Tuesday, September 27, 2016

On Being a New Creation




 Therefore, if anyone is in Christ, the new creation has come.The old has gone, the new is here!2 Corinthians 5:17
If you haven't spent a lot of time with a butterfly, you may have the impression that becoming one is a simple, automatic thing. Awkward little caterpillar is transformed, he pops out of his chrysalis and flies away on a happy little breeze surrounded by sunshine and flowers.

Not so much.

My 6-year-old son loves bugs. He found a crop of black swallowtail caterpillars on the parsley in the garden and brought them all inside to raise. I was all for raising 2 or 3, but he found 9, so we've been doing this for a while. The only thing you really have to do is give the caterpillars fresh parsley to munch on, provide a few sticks for them to crawl on ... and clean up poop.

Caterpillars poop. A LOT.

After cleaning up an inordinate amount of bug feces, we were finally rewarded with a tank full of sleeping caterpillars undergoing transformation. We kept them moist and watched. And waited. For days.

Isn't it just like God to create something like the butterfly? What person would come up with the idea of morphing a slowpoke crawly creature into a winged beauty that defies gravity and flies off into the sky? When you really think about it, the butterfly is a miracle. We can't recreate it. We can't hope to understand what happens while that caterpillar sleeps. God makes something completely new out of a totally different creature.

But is this change automatic? Does the caterpillar know he's different? From watching butterflies fall out of their chrysalis, I can tell you most assuredly they have no clue. They flop and fall and freak out as they drag slime everywhere. They panic and try to crawl like a caterpillar only to have the huge growths on their back keep them from getting anywhere. They fall off the stick over and over again until finally they decide it's better just to be still and they find a place to hang out. That's when things begin to change.


Why the science lesson? As I watched this little guy today, I couldn't help but think about us. When we humble ourselves before God and admit we need Jesus, that we're nothing on our own and we are in dire need of a transformation, things change. But it isn't an automatic, everything is happy and wonderful change. Usually, it's a fairly awkward and somewhat slow change. We aren't going to be everything God intends for us the moment our faith is born.

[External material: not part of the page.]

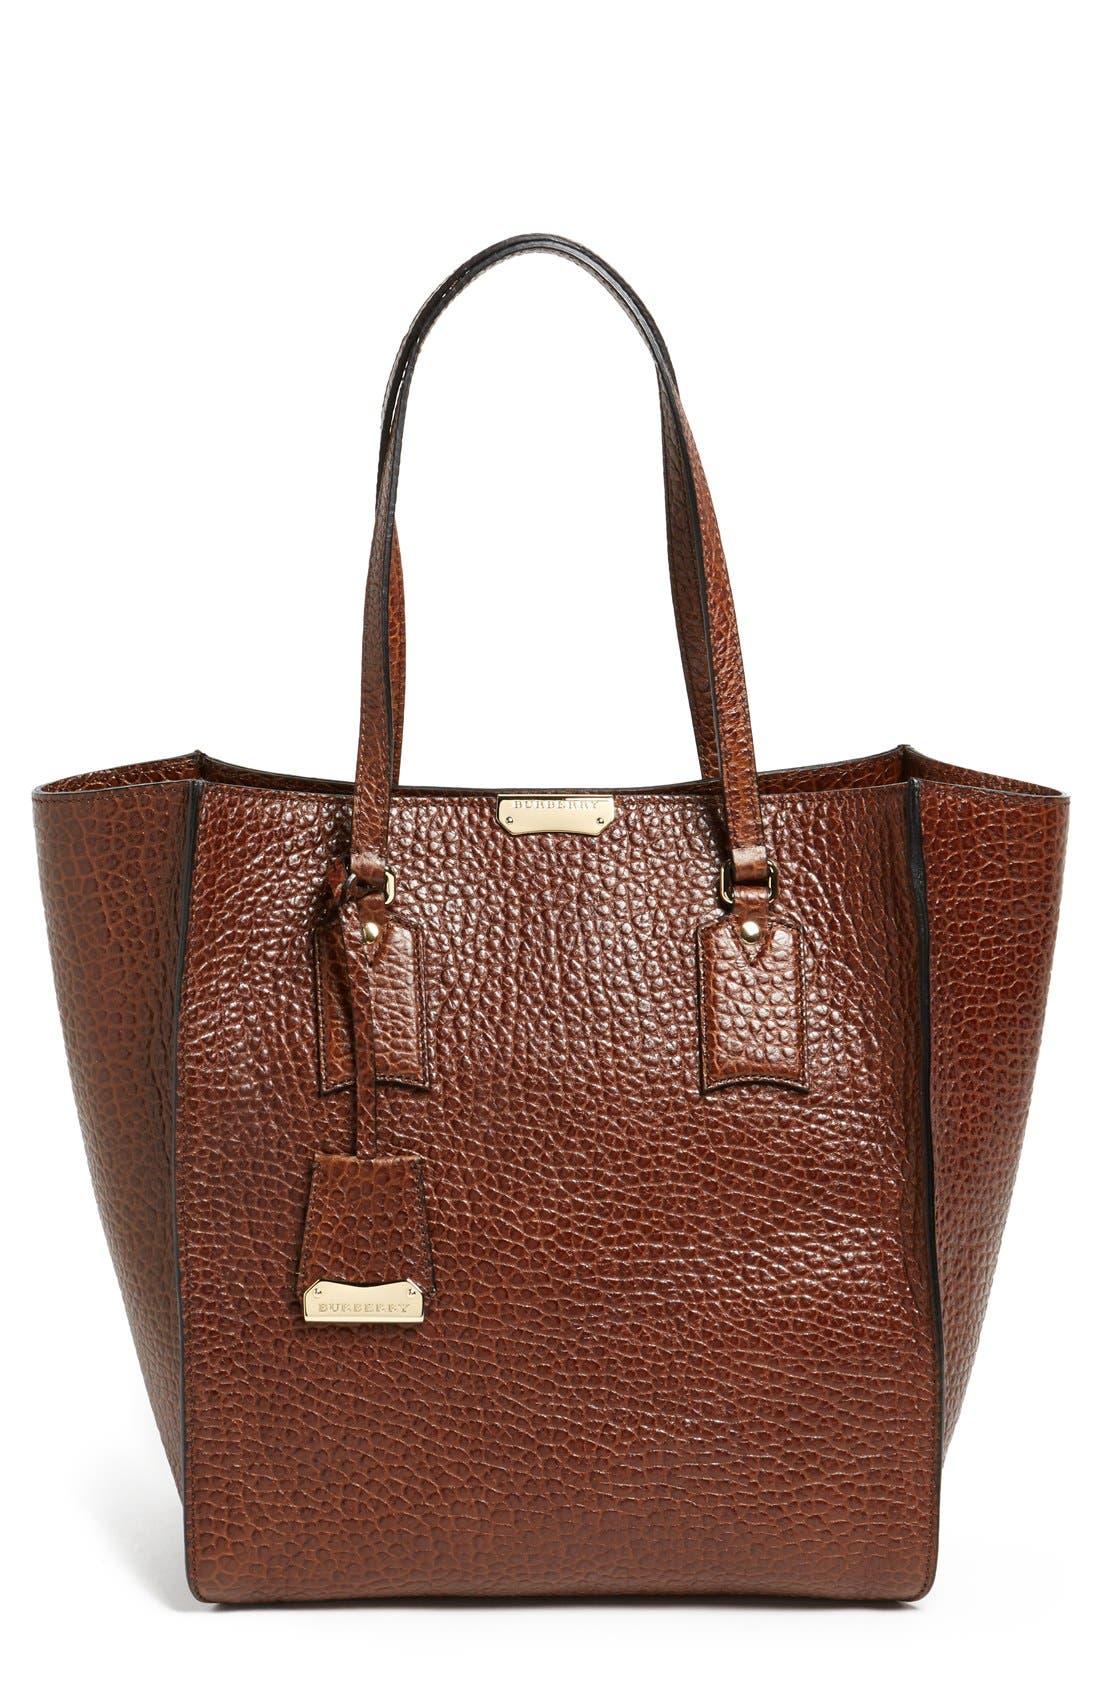 Alternate Image 1 Selected - Burberry 'Woodbury - Medium' Leather Tote

I think of it more like a line. We have a starting point, when our faith is new, and an ending point, when our faith is realized and we are home with Jesus in glory. All along this line between the two, we are changing. We're getting closer to that final result, but we're not ever "done" if we are still breathing.

All this to say, we're all works in progress. Judging other Christians or ourselves based on a standard of perfection will always reveal problems. The questions to ask are "Am I growing?" "Do I have more of a love for Jesus than I did a year ago or ten years ago?" "Has my maturity level in spiritual things gotten better, even if slowly, over time?"

God isn't finished with us yet, fellow flopping butterfly. Someday we will fly. Let's be open to him doing his work in us, and let's be loving as we help others around us who may have just fallen out of the chrysalis. 

Let's be all about the process of becoming new creations, because some happy day, we will be finished.

1 comment:

  1. Thanks for sharing this! It is a wonderful lesson.